Некоторые оценочные слова и обстоятельственные выражения могут с равным успехом инкорпорироваться в состав выражений с L и Sh. В этом случае они приобретают различные оттенки смысла, адаптируясь к двум разным смысловым перспективам. Так, выражения, содержащие указание на конкретный, легко обозримый отрезок времени в настоящем или прошлом, не препятствуют употреблению L. В этом употреблении, однако, они не столько уточняют время и место, сколько придают ситуации черты непосредственной данности, т. е. адаптируются к смысловой перспективе, задаваемой L. Высказывание Ты вчера был невесел определяет отрезок времени, в течение которого признак наличествовал у субъекта; утверждается, что субъект был таков именно ’ вчера’ (’ в отличие от его состояния сегодня’, или’в отличие от его обычного состояния’). Но в высказывании Ты вчера был невеселый обстоятельство времени указывает не столько на продолжительность действия признака, сколько на время, в течение которого говорящий воспринимал предмет своего высказывания в этом состоянии. Сколько времени субъект находился (объективно) в этом состоянии — в данном случае несущественно; важно, что ’вчера’ говорящий «застал» его в этом состоянии, воспринял этот его образ.

Выражения с L и Sh по-разному реагируют на ситуацию, когда субъекту одновременно атрибутируется несколько признаков, выраженных сочинительной цепочкой прилагательных. Такая ситуация оказывается благоприятной для полной формы: повышается вероятность ее употребления, расширяется (от чисто разговорного в сторону нейтрального и даже книжного) ее потенциальный стилистический спектр. И напротив, возможность выбора Sh снижается и приобретает резко отмеченный характер. Например, такие выражения с единичным прилагательным, как Ночь была холодная и Ночь была холодна, составляют приблизительно равноценную смысловую и стилистическую альтернативу: первая тяготеет к несколько большей разговорности и непосредственности, вторая — к книжности и аподиктичности. Однако в такой паре выражений, как Ночь была тихая, светлая и холодная и Ночь была тиха, светла и холодна, — равновесие явно нарушается в пользу первой альтернативы. Первое предложение воспринимается как нейтральный, наиболее вероятный выбор, вполне уместный не только в разговорной речи, но и в книжно окрашенном повествовании; второе — представимо только в качестве «крайнего случая»: при наличии сильной смысловой эмфазы либо в условиях возвышенного поэтического стиля.

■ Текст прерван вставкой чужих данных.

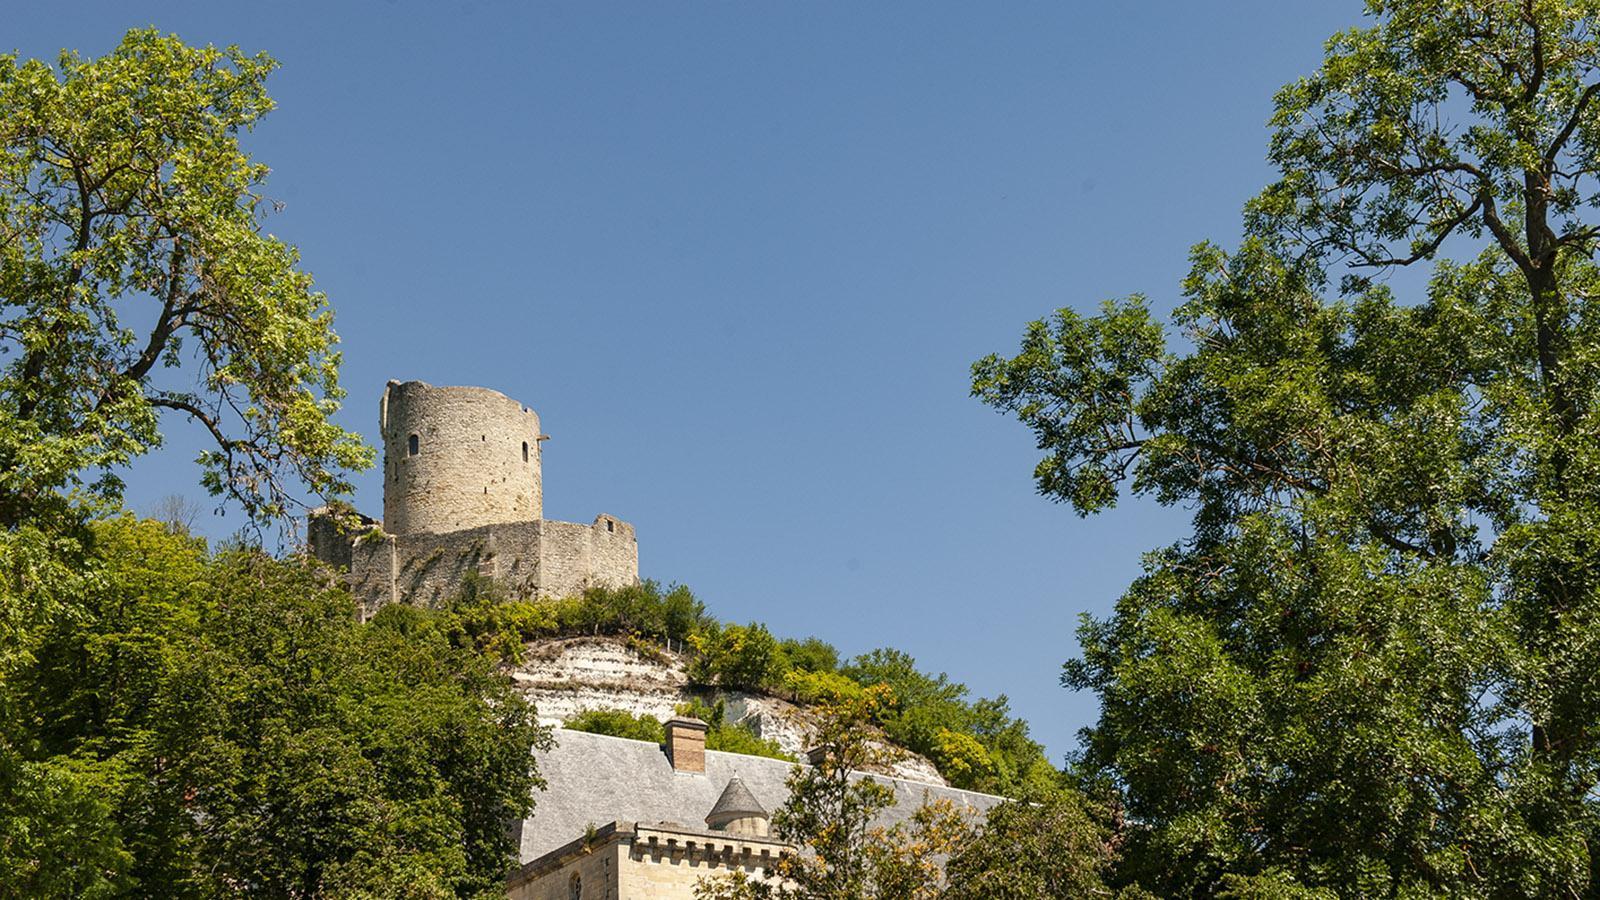 La Roche-Guyon: der Bergfried der Burg. Foto: Hilke Maunder

Это различие объясняется тем, что множественность атрибуцируемых признаков усиливает ощущение импрессионистической приблизительности в характеристике предмета. Чем больше признаков приписывается предмету, тем труднее представить их раздельно, в качестве дискретных параметров, характеризующих предмет. Различные признаки совмещаются друг с другом, сливаясь в единое комплексное представление. Ощущение, что мы не столько характеризуем предмет с разных сторон, сколько получаем его комплексный образ, находит свое естественное выражение в предпочтении L. С другой стороны, употребление подряд нескольких Sh делает смысловую фактуру слишком напряженной: слишком много суждений о предмете оказывается «упаковано» в оболочке одного высказывания. Такое высказывание приобретает оттенок крайней резкости и категоричности. Характерен следующий пример из Тургенева («Бретер»):

— Лучков неловок и груб, — с трудом выговорил Кистер, — но… — Что «но»? Как вам не стыдно говорить «но»? Он груб и неловок, и зол, и самолюбив[140].

3) Эвристическая установка высказывания.

Существенным фактором, определяющим динамику выбора формы, является представление о «новизне» либо, напротив, самоочевидности мысли, выраженной в высказывании. Высказывание с Sh приписывает предмету определенный признак, сообщая о наличии у него этого признака в качестве нового сведения; высказывание с L выражает непосредственное впечатление о предмете, с целью вызвать соответствующее впечатление у слушателя. В силу этого чем более очевиден и тем самым непосредственно узнаваем признак, тем с большей естественностью он может быть подан в модусе указания, свойственном L; и напротив, чем в большей мере наличие признака является предметом рассуждения, тем более повышается вероятность и необходимость употребления Sh.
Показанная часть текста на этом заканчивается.